Let's start with the definition of the main concept. As the textbook "Computer Science" notes, the number system is a record of numbers that uses a special alphabet or a specific set of numbers.
Depending on whether the value of a digit changes from its position in the number, two are distinguished: positional and non-positional number systems.
In positional systems, the value of a digit changes with its position in the number. So, if we take the number 234, then the number 4 in it means units, but if we consider the number 243, then here it will already mean tens, not units.
In non-positional systems, the value of a digit is static, regardless of its position in the number. The most striking example is the stick system, where each unit is indicated by a dash. No matter where you assign the wand, the value of the number will only change by one.
Non-positional systems
Non-positional number systems include:
- A single system, which is considered one of the first. It used sticks instead of numbers. The more there were, the greater was the value of the number. You can meet an example of numbers written in this way in films where we are talking about people lost at sea, prisoners who mark every day with the help of notches on a stone or tree.

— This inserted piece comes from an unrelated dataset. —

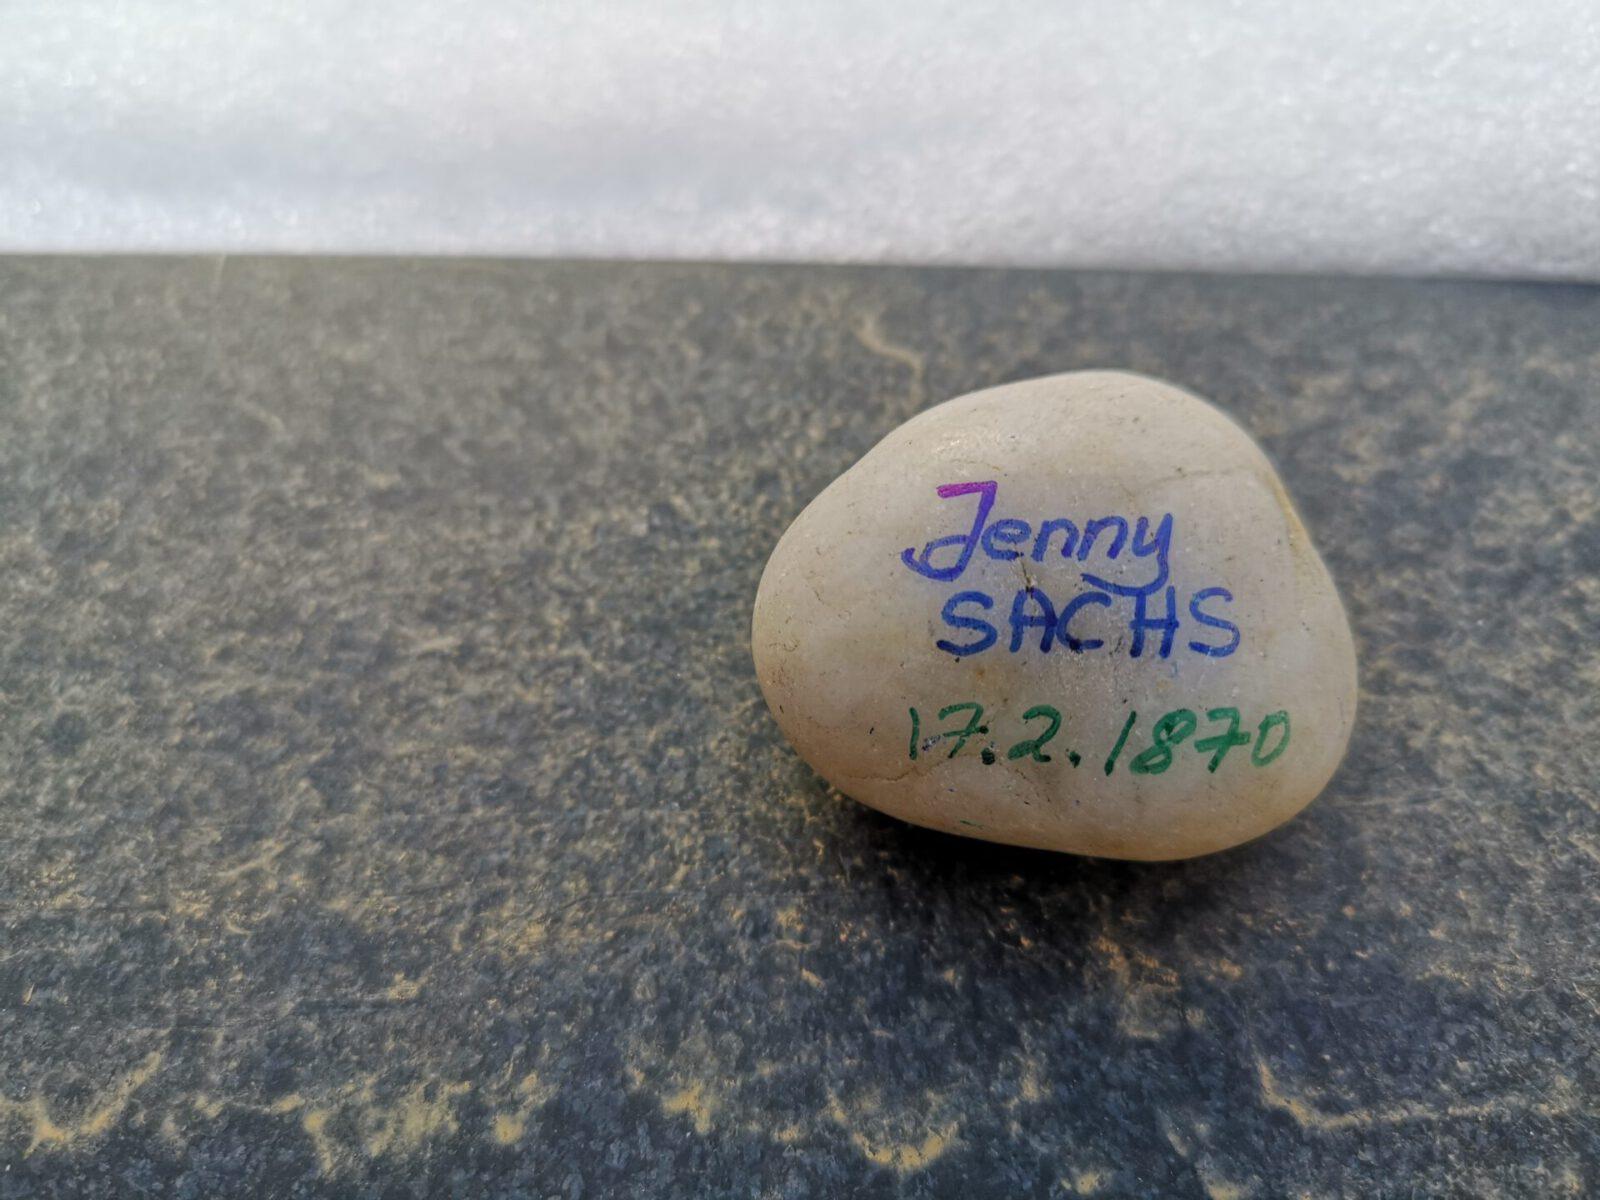 Jenny Sachs, Gedenkstein Februar 2021

- Roman, in which Latin letters were used instead of numbers. Using them, you can write any number. At the same time, its value was determined using the sum and difference of the digits that made up the number. If there was a smaller number to the left of the digit, then the left digit was subtracted from the right one, and if the digit to the right was less than or equal to the digit to the left, then their values were summed up. For example, the number 11 was written as XI, and 9 - IX.

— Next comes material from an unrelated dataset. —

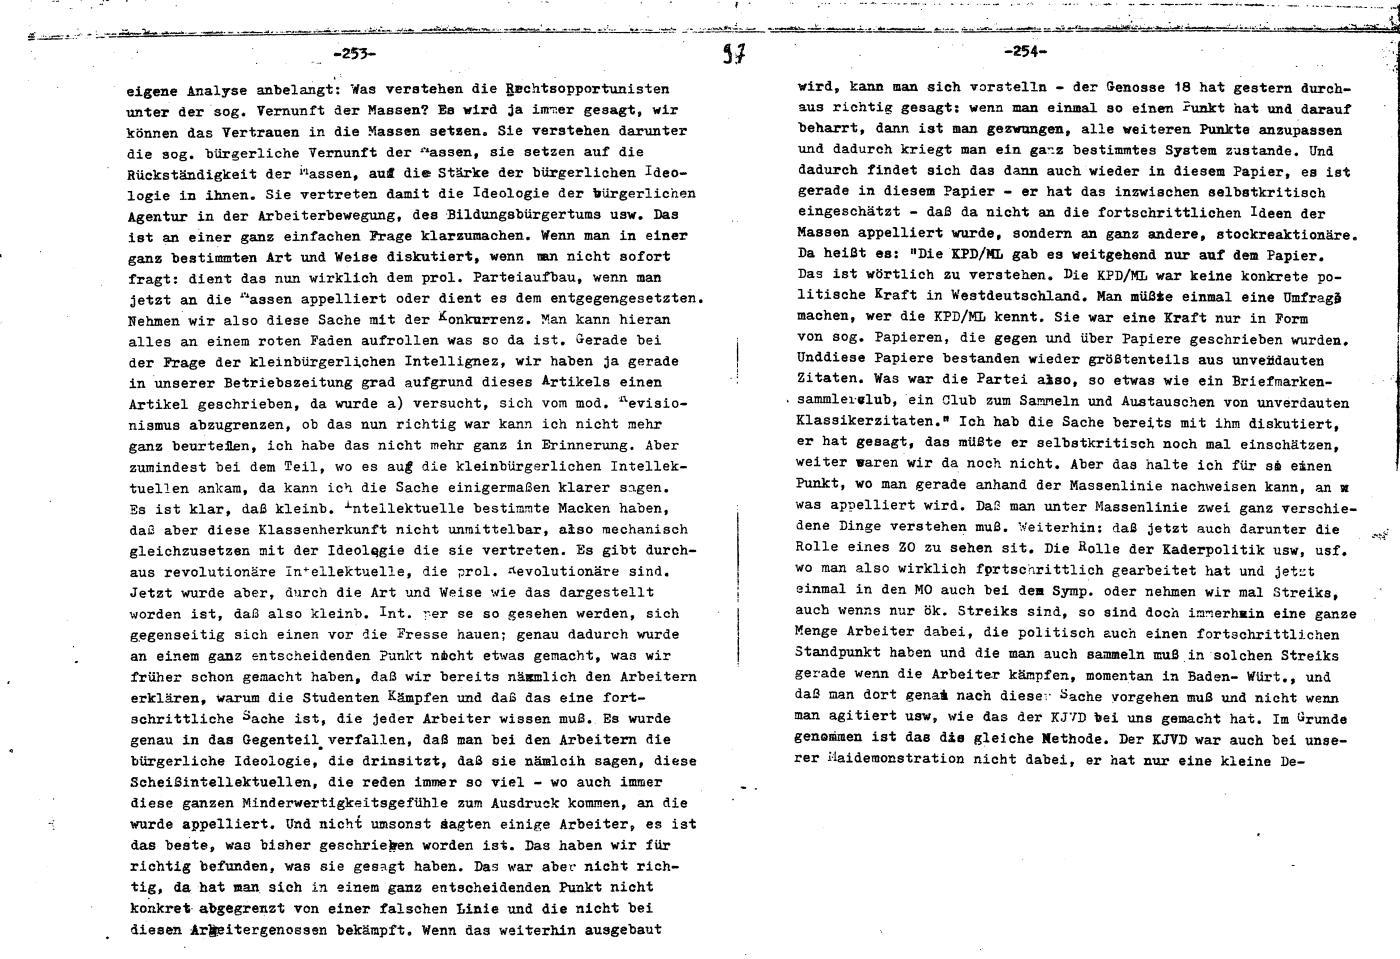 KPDML_1971_Wortprotokolle_aoPt_061

- Letters, in which numbers were denoted using the alphabet of a particular language. One of them is the Slavic system, in which a number of letters had not only a phonetic, but also a numerical value.
- in which only two designations were used for recording - wedges and arrows.
- In Egypt, too, special symbols were used to denote numbers. When writing a number, each character could be used no more than nine times.
Positional systems
Much attention is paid in computer science to positional number systems. These include the following:
- binary;
- octal;
- decimal;
- hexadecimal;
- sexagesimal, used when counting time (for example, in a minute - 60 seconds, in an hour - 60 minutes).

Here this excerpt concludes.